Quantitative and qualitative transcriptome information
To study the expression patterns of genes related to the putative biochemical CCM proposed here, we generated RNA‐seq data from cells exposed to one of four treatments for 6 h: (1) HL (HL; n = 4), used to induce or upregulate the CO_2_ delivery system (150 μmol photons m^−2^ s^−1^, pH = 6.8, [CO_2aq_] = 14 μM); (2) bicarbonate (HCO_3_ ^−^) supplementation (BC; n = 4) under low light, which provided a nearly 8‐fold increase in the extracellular concentration of CO_2_ (pH = 8.0, [CO_2aq_] = 110 μM) relative to our standard batch culture and the HL treatment, and is therefore expected to suppress the synthesis of enzymes involved in a putative biochemical CCM; (3) combined HL and bicarbonate treatment (HLBC, pH = 8.0, [CO_2aq_] = 110 μM, n = 4) to determine if the putative CCM enzymes are downregulated in response to increased CO_2_ regardless of light intensity; and (4) low CO_2_/pH 8.0 treatment ([CO_2aq_] = 14 μM, pH = 8.0, n = 4), because the addition of HCO_3_ ^−^ to cultures resulted in a pH shift from 6.8 to 8.0; this treatment was included to control for any effects of pH on gene expression or biochemical CCM function, independent of a change in external CO_2_. All treatments were compared to samples from a low light (LL), low CO_2_ control treatment (Ctrl., 15–20 μmol photons m^−2^ s^−1^, [CO_2aq_] = 14 μM, pH = 6.8, n = 4) (see Materials and Methods). Note that no differences in growth rate were observed among the four treatments or the control over the 6 h incubations used in this study of gene expression. In total, 1,301,208,566 high‐quality paired‐end reads were retained across all samples after adapter and quality trimming (average of 65 million reads per sample). Of these, 1,060,767,326 (81.52%) were mapped to the KR01 reference genome (Lhee et al., 2021). The “unique exon count” value returned for each gene by the CLC Genomics Workbench read mapping analysis tool was by DESeq2 Version 1.34.0 (Love et al., 2014) to identify differentially expressed genes (DEGs) (Supplemental Tables 1 and 3).

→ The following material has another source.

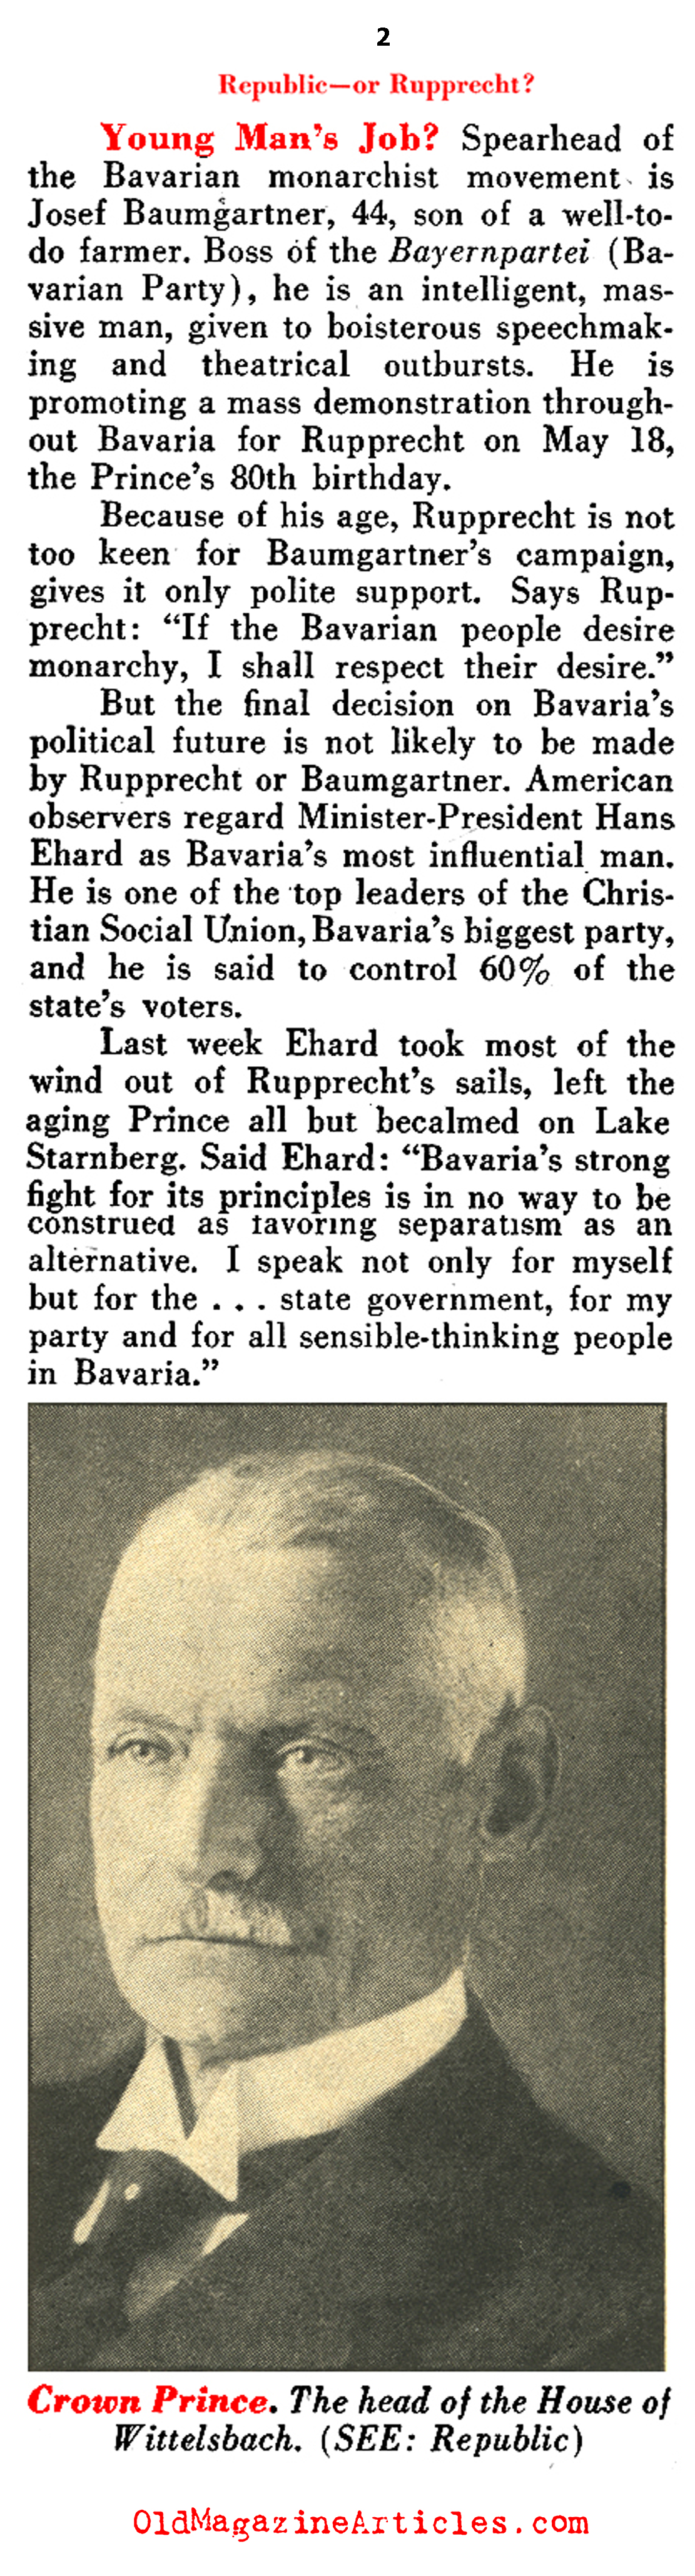 The Bavarians Wanted a King (Pathfinder Magazine, 1949)

Sample expression profiles were compared using principal component analysis (PCA), with pairwise correlation values constructed using DESeq2 normalized counts. This analysis allowed us to visualize the similarity between each of the samples and to identify any outliers. In general, samples from the same treatment were grouped together in the PCA and distinct from samples from other treatments (Supplemental Figure 1). The BC and HLBC treated samples clustered together when compared to other treatments. This may represent a genuine biological signal (i.e., high similarity in gene expression profiles of samples from the treatments) (Supplemental Figure 1A). Based on their position in the PCA plot, one outlier sample from each treatment group (samples: control1, pH 1, HL3, and BC4) was detected; this effect is also obvious from the results of the pairwise correlation analysis shown in Supplemental Figure 1B. After close inspection of the treatment protocol, sample collection, and RNA extraction protocol and results, it remains unclear which factors led to these samples having expression profiles that are distinct from all other samples exposed to the same treatment. To eliminate biases or excess noise in the analysis, these samples were classified as outliers and removed from the analysis. This resulted in a total of 851,155,573 mapped reads that were subsequently used in the downstream analyses.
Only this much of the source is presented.